You know at least some of the people from this family – if not as friends, then as acquaintances – because you have shopped in their stores and they in yours. You have eaten at their restaurants. You have ridden in their cabs. They have worn the uniforms of your city’s protectors. They have put out your house fires. They have caught the criminals who stalk your streets. Maybe you have employed a few of them. Maybe you have even had them in your home, having known them long enough and well enough to call them, “Friend.”
All of this made for a greater horror when some members of this very large and extended family went on a killing spree. They murdered many. Some you may have known. Some you may have even called family. They even killed some of their own family, though this is rarely brought up in polite conversation. In the ensuing carnage, the actual killers were themselves killed, but this did not quell the public outrage – an outrage shared by much of the family in question. The instigators were still at-large. So, an official manhunt was declared. Unfortunately, it was badly managed; while many of the guilty were brought to justice, more than a few innocents were imprisoned or tortured or killed, simply because they shared the same last name.

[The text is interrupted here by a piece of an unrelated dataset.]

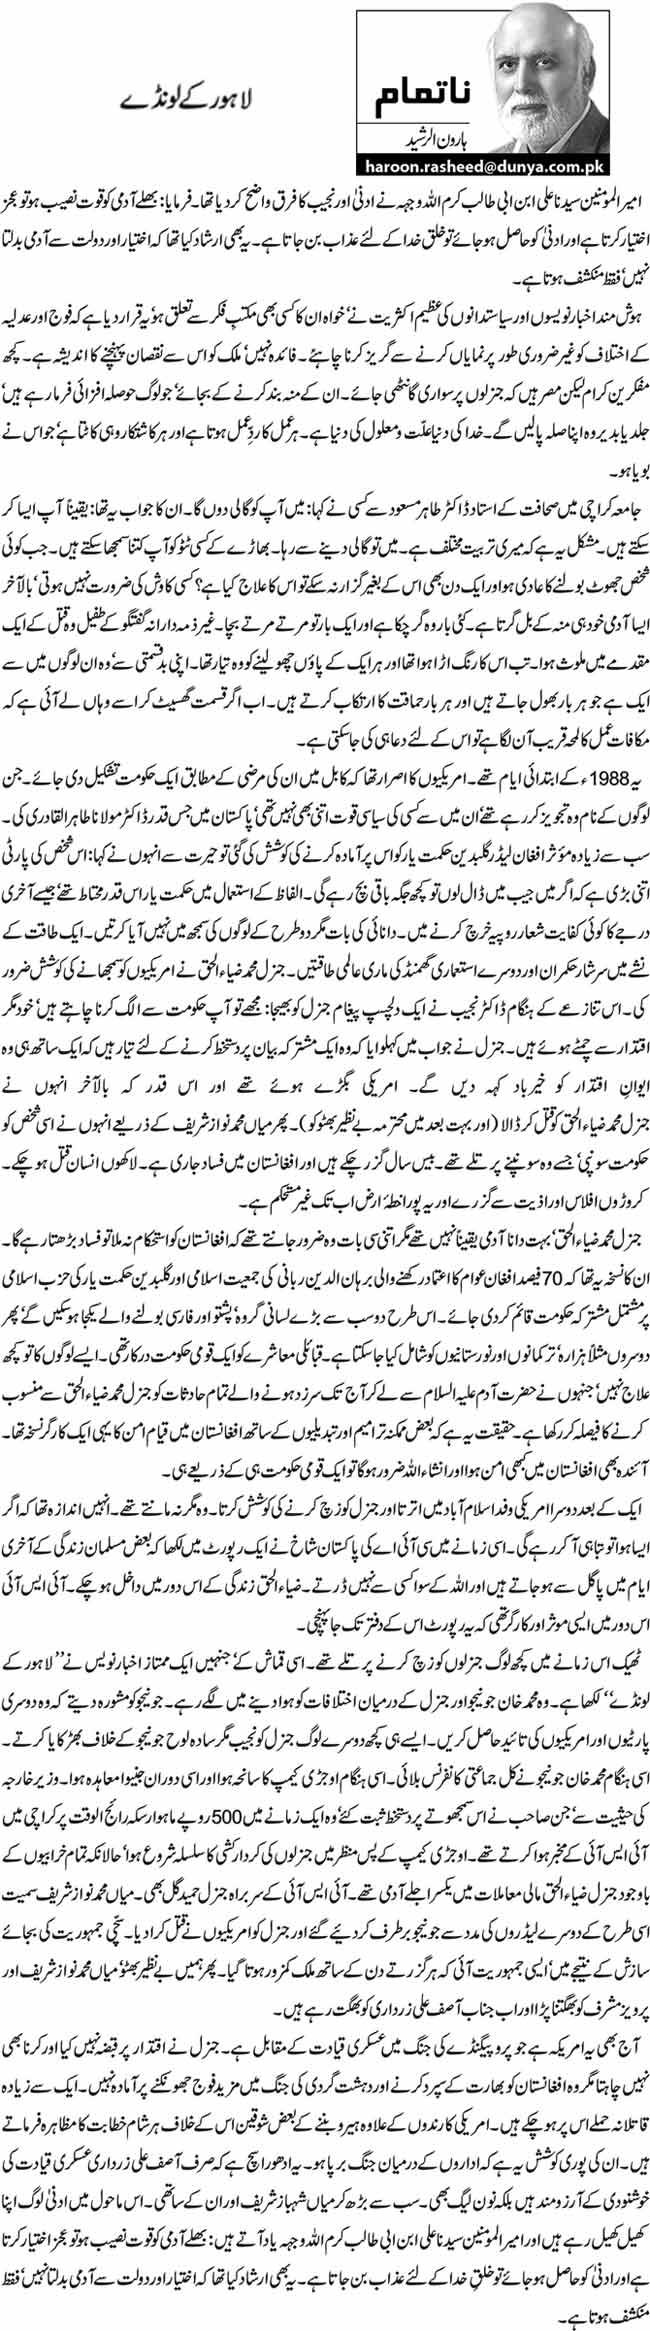 لاہور کے لونڈے

And to this day the chief instigator still goes free.
Though that was nearly a decade ago – nearly half a generation ago – the wounds are still fresh. This is understandable, but much of the healing has been prevented by salt being daily ground into your wounds. It is done by a group of people who are united merely by their outrage. Most do not even live in your city, nor have they visited. They have little sense of the geography or the culture of your city, beyond what the newspapers, the television, and their better-traveled friends suggest. They speak as though they know this family and what they speak is fueled by hatred and ignorance. It is also fueled by hypocrisy, for whose family history is not at least partially written in blood?
Now, at the end of this long decade, after the innocent members of this family have been subject to the humiliations born of prejudice and blind fear, one among you has decided to build an apartment building. He wishes to house his family there, though all are welcome to live in that place. It is to be a humble place – not so towering as to cast its shadow on your neighboring homes. Maybe there, he surmises, his family can regain a unity they have lost among themselves and a peace they have lost among you, their fellow citizens.
Unfortunately, many in your city – and many more outside of it – do not want him or his family there. The reason is that he has decided to build it near to where the greatest numbers of murders occurred. It will neither be adjacent to nor visible from this site, but that is a small matter; is there anywhere in your city where his family name is not a reminder of what happened? And have members of his family not lived on that same block for generations? And has it ever been right to tell someone where they can or cannot live or what they can do on their own property, simply because they share relation to the guilty? Who among us would escape such a judgment?
Now, I invite you to read this again. But this time, I want you to imagine that the city is New York City. And the apartment building is the proposed Cordoba Center mosque. And the family members are the Muslims of the world.
How will you answer these questions now?